— Directions —
Whenever a picture appears, leave it out while repeating all the other data exactly.

— Recorded data —

+++

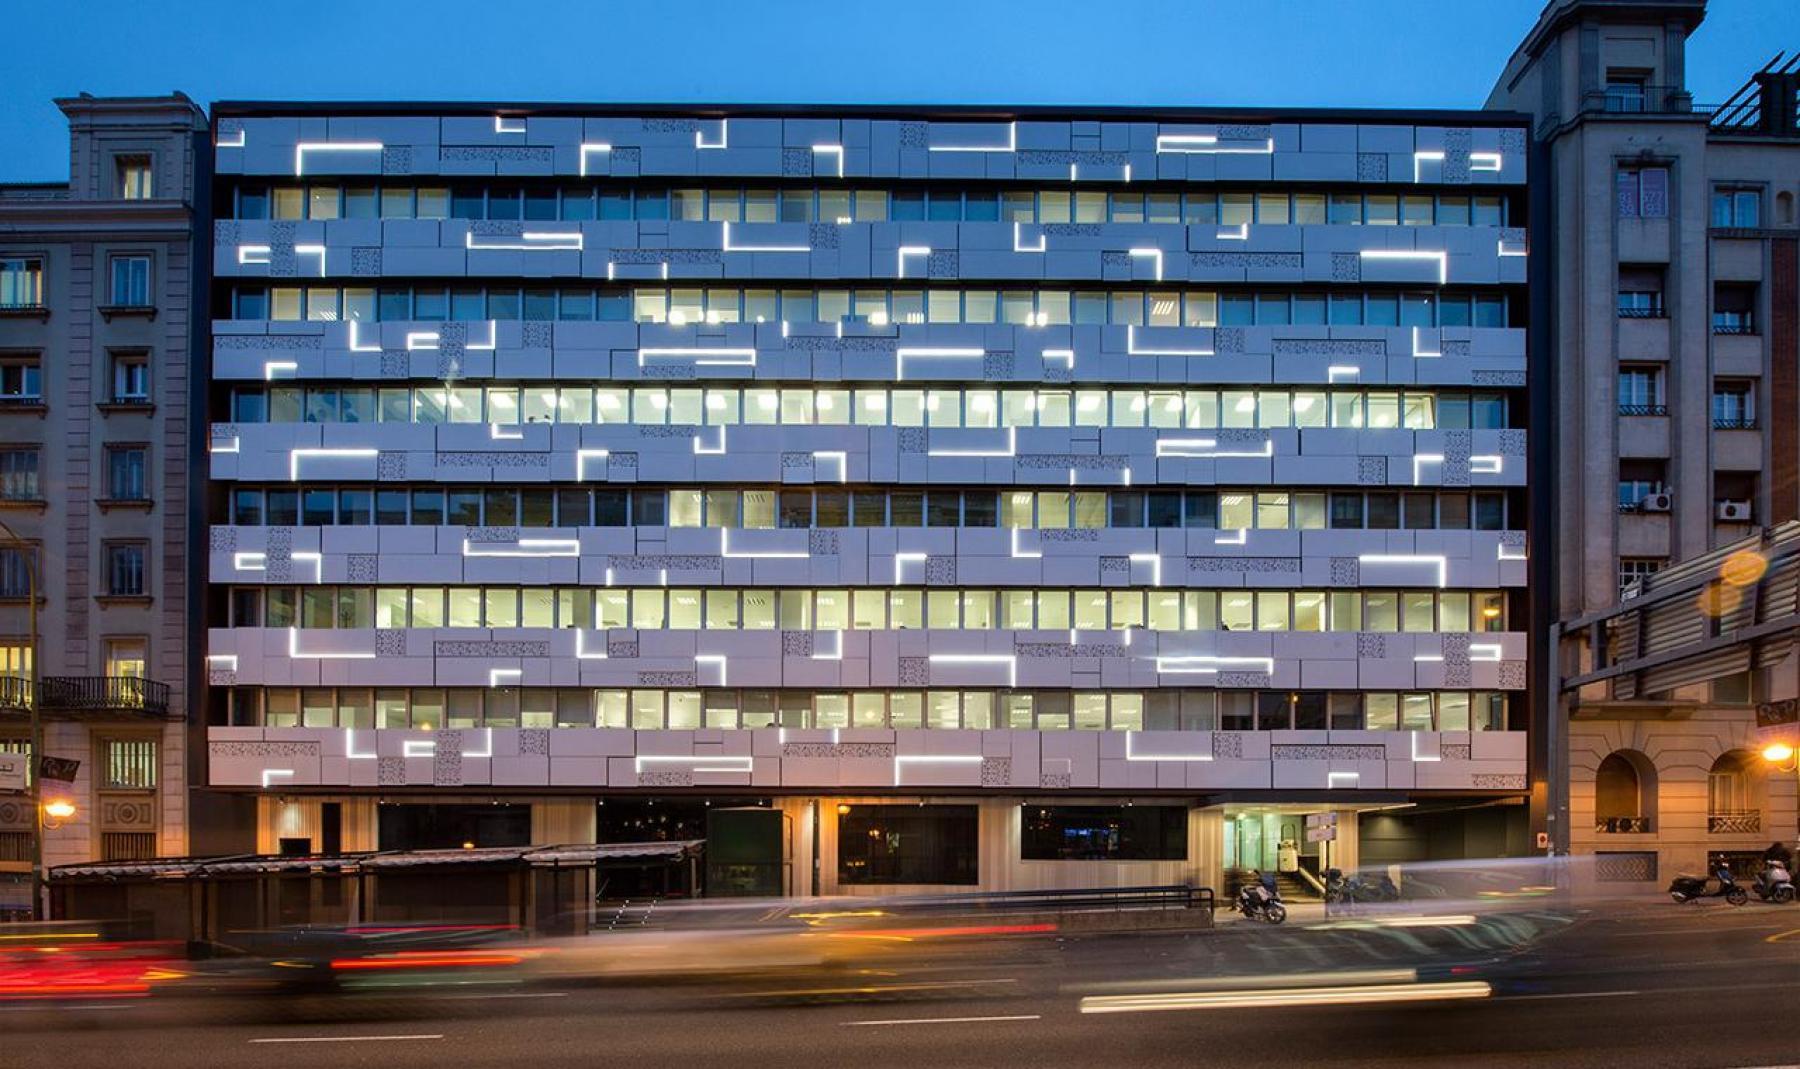 Alquilar oficinas Calle de José Abascal 56, Madrid (4)
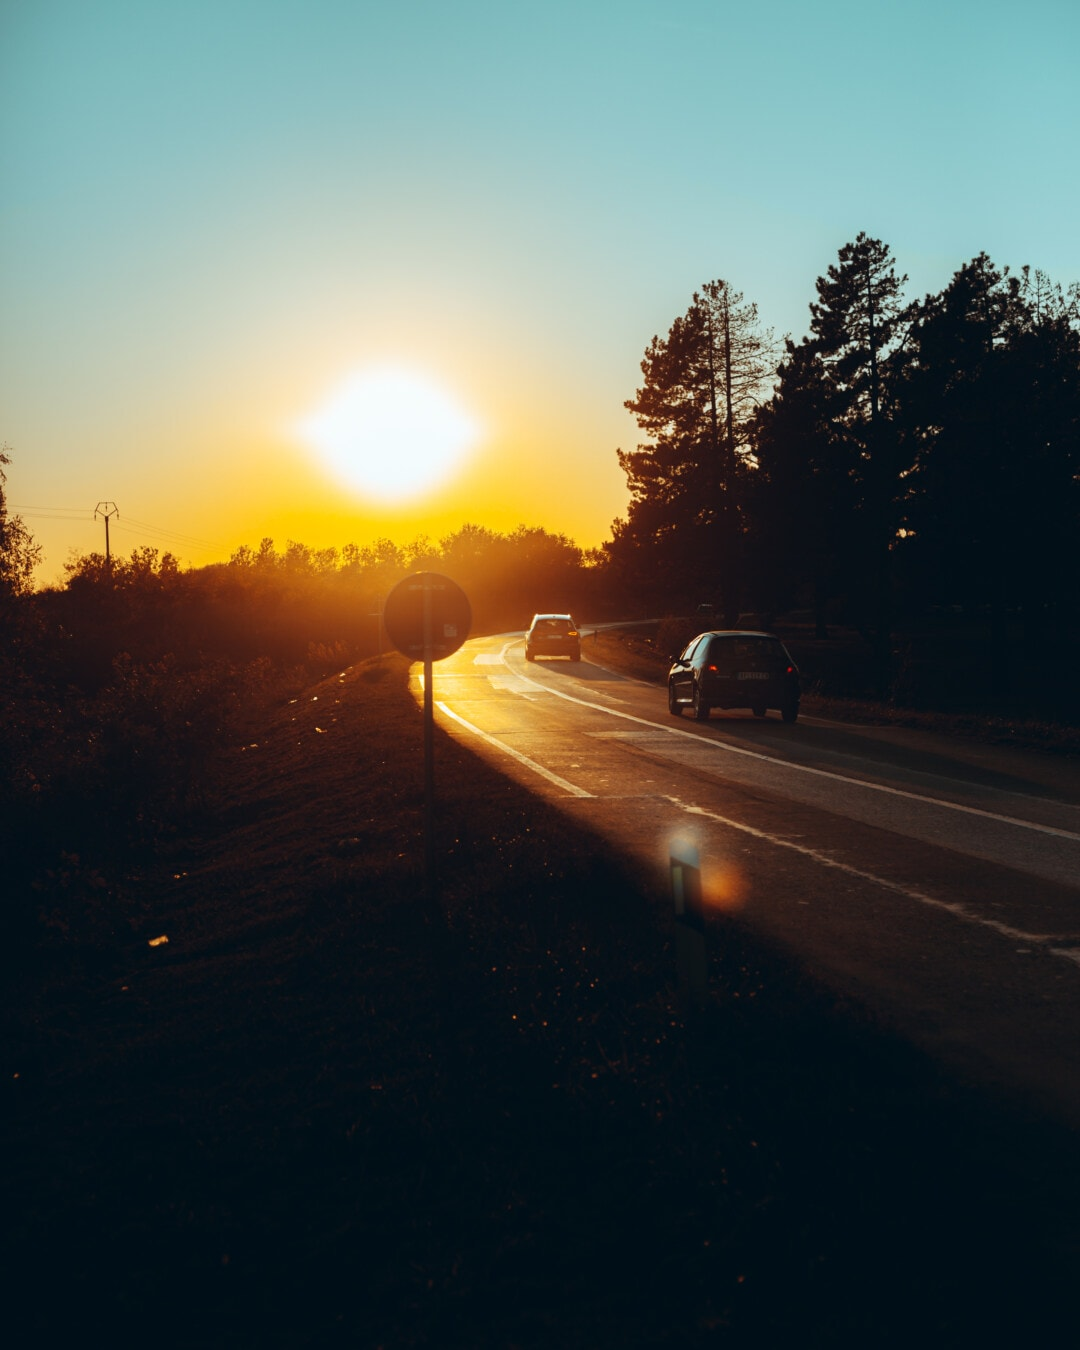 voitures, transport, coucher de soleil, voyage, voiture, Itinéraire, soleil, rue, trafic, autoroute
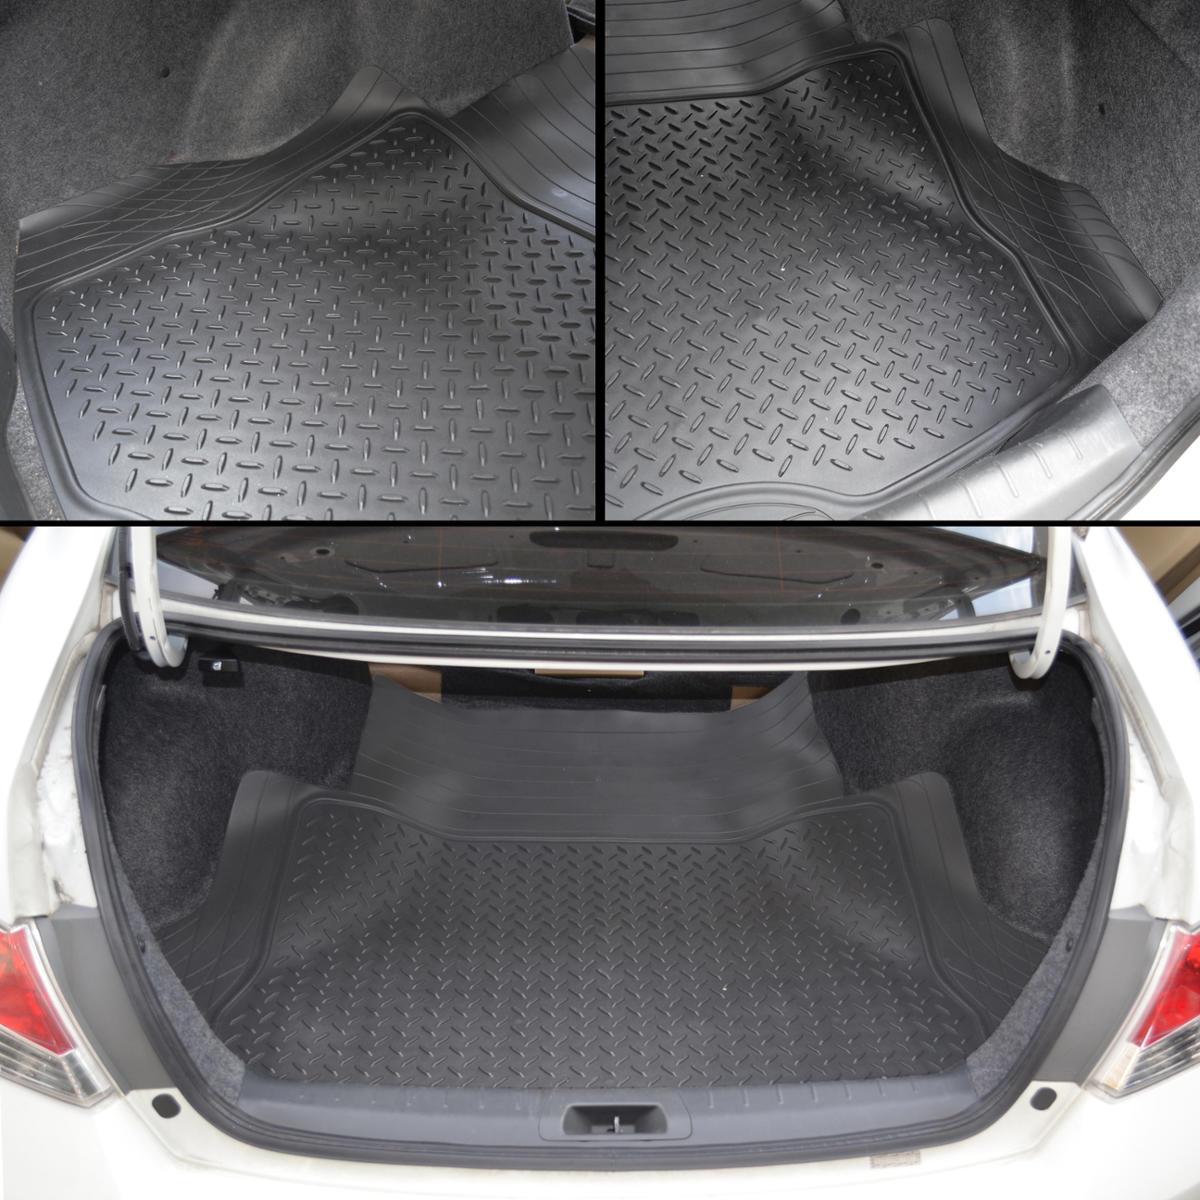 odor free cargo trunk liner mat for car van suvs trimmable rubber tough beige. Black Bedroom Furniture Sets. Home Design Ideas
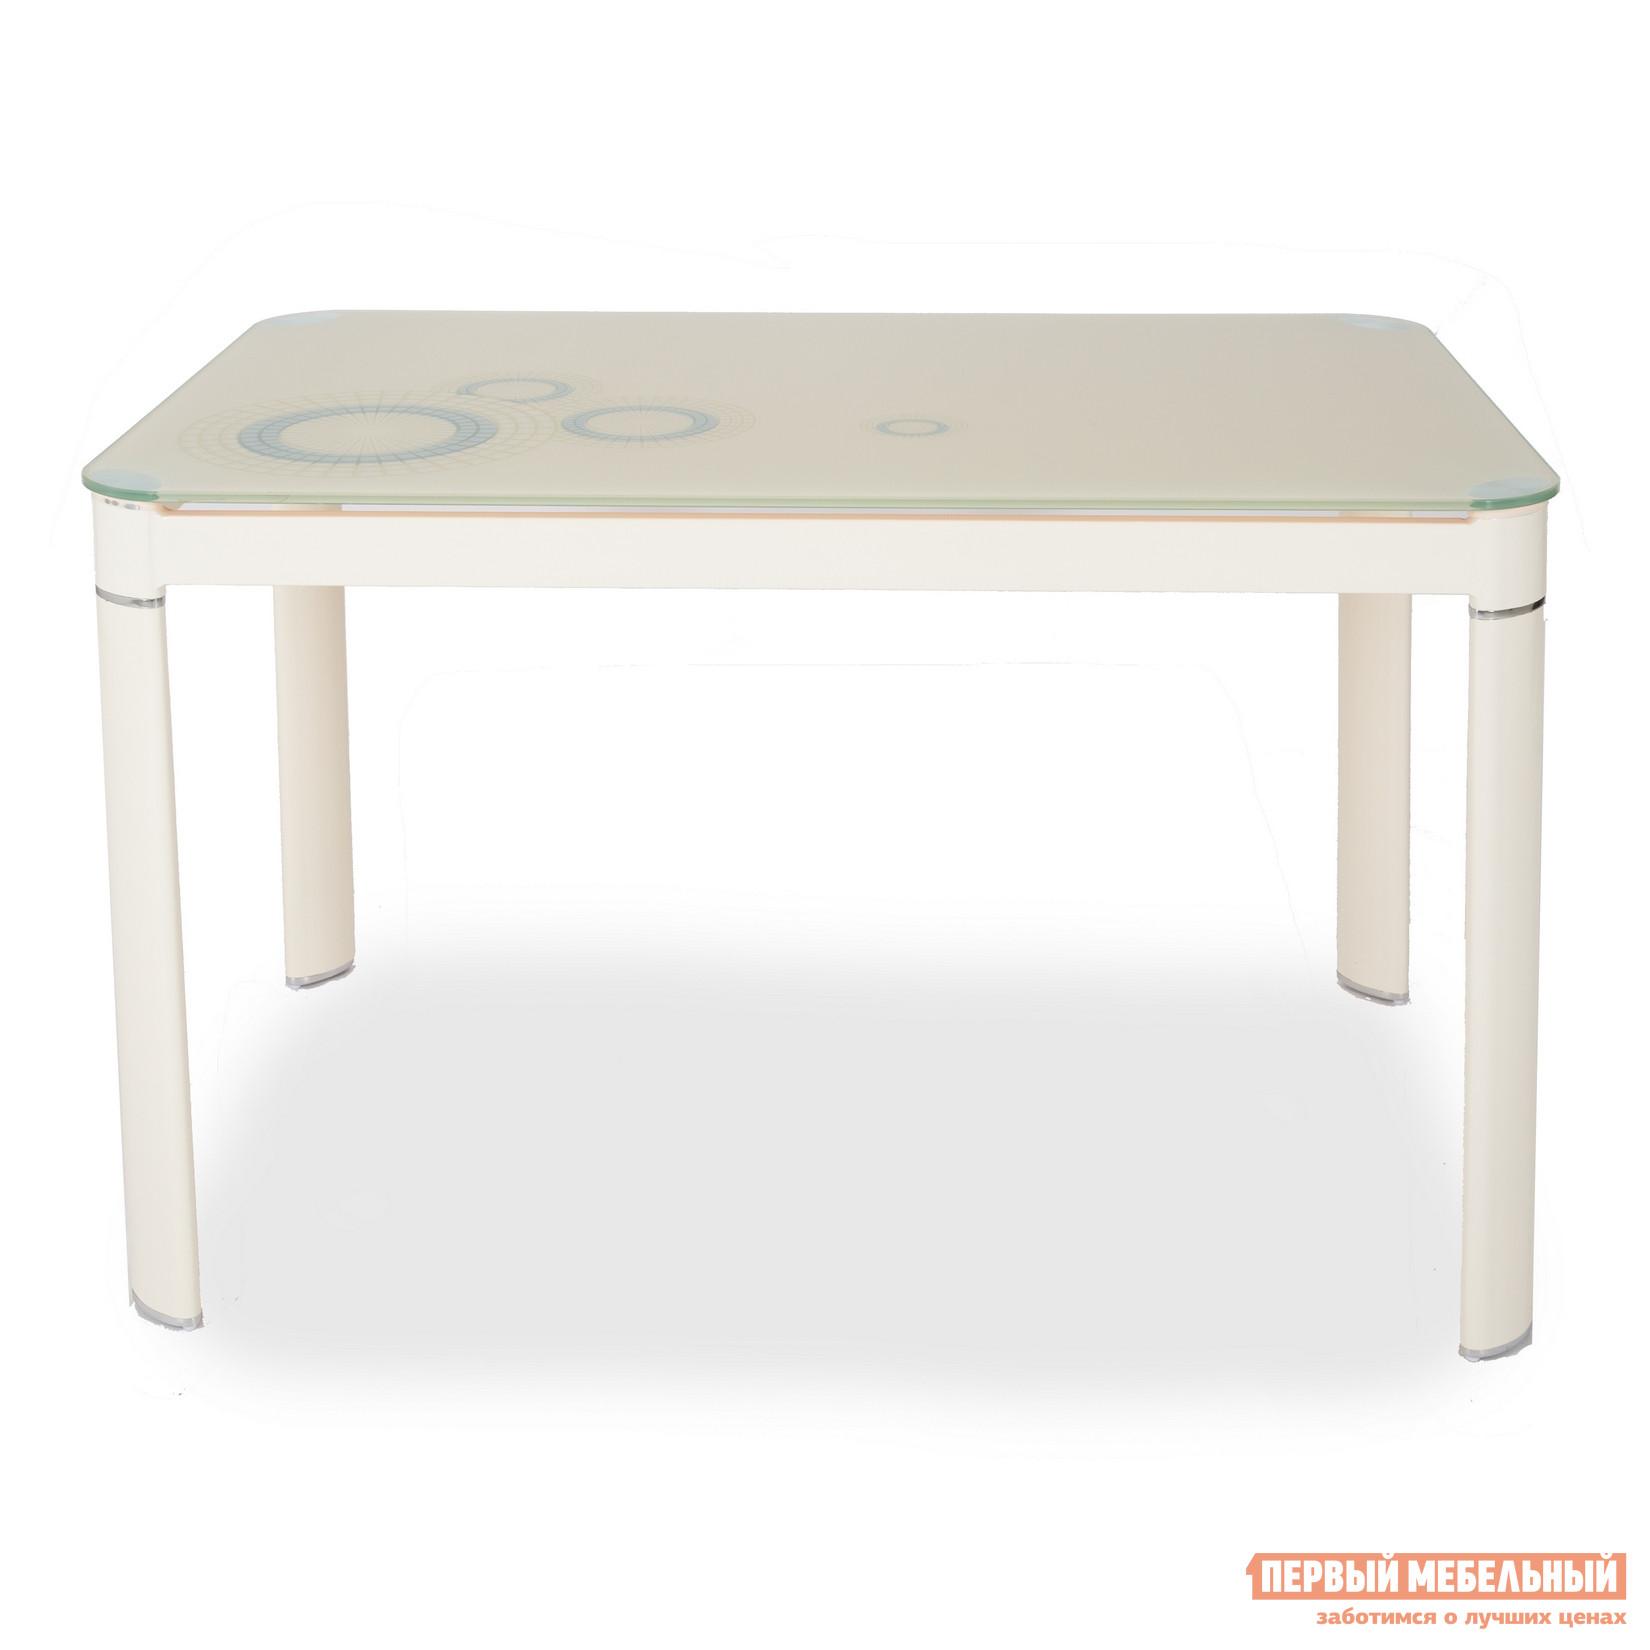 Обеденный стол Бентли Трейд S12 LIGHT BEIGE

+++

— Task output —
 Alquilar oficinas Calle de José Abascal 56, Madrid (4)
 voitures, transport, coucher de soleil, voyage, voiture, Itinéraire, soleil, rue, trafic, autoroute
 odor free cargo trunk liner mat for car van suvs trimmable rubber tough beige. Black Bedroom Furniture Sets. Home Design Ideas
 Обеденный стол Бентли Трейд S12 LIGHT BEIGE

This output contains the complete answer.